YOUR ASSIGNMENT: The lines to reproduce from the material below are those from the one containing "Alternate Image 1" through the one containing "[DG-105]帝国CM响应式产品资讯模板,企业公司产品介绍资讯网站模板 新闻资讯 第5张", both included; write them out exactly and add nothing.

BEGIN

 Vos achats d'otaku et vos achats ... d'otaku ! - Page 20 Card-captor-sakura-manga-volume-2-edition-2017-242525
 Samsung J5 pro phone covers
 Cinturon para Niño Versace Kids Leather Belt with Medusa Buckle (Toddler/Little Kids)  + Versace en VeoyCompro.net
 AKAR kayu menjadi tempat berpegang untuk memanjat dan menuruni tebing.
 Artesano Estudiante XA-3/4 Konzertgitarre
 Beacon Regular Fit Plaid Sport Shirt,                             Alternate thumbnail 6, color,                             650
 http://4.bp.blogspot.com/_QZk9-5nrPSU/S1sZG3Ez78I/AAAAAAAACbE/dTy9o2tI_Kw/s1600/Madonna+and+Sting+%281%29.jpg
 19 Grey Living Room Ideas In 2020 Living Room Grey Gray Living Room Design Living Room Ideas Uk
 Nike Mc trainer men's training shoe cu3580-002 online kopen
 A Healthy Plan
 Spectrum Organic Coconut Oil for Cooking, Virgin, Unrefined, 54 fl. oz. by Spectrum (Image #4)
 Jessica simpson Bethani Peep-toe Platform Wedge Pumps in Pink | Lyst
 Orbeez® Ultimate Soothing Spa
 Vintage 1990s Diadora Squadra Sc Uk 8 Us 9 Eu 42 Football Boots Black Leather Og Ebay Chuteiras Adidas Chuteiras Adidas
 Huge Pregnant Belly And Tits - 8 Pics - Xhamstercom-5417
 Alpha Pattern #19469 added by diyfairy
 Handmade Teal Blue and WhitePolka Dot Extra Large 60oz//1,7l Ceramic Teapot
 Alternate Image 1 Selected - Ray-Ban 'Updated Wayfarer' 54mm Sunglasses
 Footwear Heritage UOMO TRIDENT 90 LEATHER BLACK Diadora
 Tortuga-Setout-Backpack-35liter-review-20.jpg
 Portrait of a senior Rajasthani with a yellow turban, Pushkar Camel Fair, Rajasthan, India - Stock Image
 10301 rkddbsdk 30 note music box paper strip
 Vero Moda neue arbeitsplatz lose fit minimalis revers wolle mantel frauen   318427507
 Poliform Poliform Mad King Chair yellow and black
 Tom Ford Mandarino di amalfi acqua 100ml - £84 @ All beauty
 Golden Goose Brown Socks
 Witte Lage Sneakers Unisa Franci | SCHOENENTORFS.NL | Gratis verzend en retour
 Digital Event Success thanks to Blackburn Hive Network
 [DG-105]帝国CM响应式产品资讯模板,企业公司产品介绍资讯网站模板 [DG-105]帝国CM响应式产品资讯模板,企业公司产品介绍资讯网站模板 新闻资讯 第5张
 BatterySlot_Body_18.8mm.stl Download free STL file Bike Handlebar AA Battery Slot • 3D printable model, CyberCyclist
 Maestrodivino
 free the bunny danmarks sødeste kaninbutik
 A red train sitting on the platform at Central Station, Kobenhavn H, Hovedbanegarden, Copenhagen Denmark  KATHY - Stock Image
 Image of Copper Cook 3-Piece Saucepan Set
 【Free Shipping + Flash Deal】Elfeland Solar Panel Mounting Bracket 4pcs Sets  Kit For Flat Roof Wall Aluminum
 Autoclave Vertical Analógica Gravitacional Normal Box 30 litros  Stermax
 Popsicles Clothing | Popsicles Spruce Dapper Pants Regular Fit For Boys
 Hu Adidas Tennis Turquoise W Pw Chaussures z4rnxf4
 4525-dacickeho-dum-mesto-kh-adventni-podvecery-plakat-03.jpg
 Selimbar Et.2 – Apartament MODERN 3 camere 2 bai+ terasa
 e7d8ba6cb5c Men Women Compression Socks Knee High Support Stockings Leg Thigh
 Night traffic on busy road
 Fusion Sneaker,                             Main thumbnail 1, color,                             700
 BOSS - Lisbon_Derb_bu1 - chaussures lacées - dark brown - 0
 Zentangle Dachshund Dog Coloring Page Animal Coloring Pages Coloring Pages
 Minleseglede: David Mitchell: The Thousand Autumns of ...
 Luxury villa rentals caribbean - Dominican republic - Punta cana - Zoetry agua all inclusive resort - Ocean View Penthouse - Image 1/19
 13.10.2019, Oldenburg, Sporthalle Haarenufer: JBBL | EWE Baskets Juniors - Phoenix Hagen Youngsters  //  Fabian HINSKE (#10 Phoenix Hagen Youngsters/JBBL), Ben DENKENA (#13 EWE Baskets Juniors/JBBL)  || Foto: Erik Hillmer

END

SOLUTION FOR THIS TASK:
 Alternate Image 1 Selected - Ray-Ban 'Updated Wayfarer' 54mm Sunglasses
 Footwear Heritage UOMO TRIDENT 90 LEATHER BLACK Diadora
 Tortuga-Setout-Backpack-35liter-review-20.jpg
 Portrait of a senior Rajasthani with a yellow turban, Pushkar Camel Fair, Rajasthan, India - Stock Image
 10301 rkddbsdk 30 note music box paper strip
 Vero Moda neue arbeitsplatz lose fit minimalis revers wolle mantel frauen   318427507
 Poliform Poliform Mad King Chair yellow and black
 Tom Ford Mandarino di amalfi acqua 100ml - £84 @ All beauty
 Golden Goose Brown Socks
 Witte Lage Sneakers Unisa Franci | SCHOENENTORFS.NL | Gratis verzend en retour
 Digital Event Success thanks to Blackburn Hive Network
 [DG-105]帝国CM响应式产品资讯模板,企业公司产品介绍资讯网站模板 [DG-105]帝国CM响应式产品资讯模板,企业公司产品介绍资讯网站模板 新闻资讯 第5张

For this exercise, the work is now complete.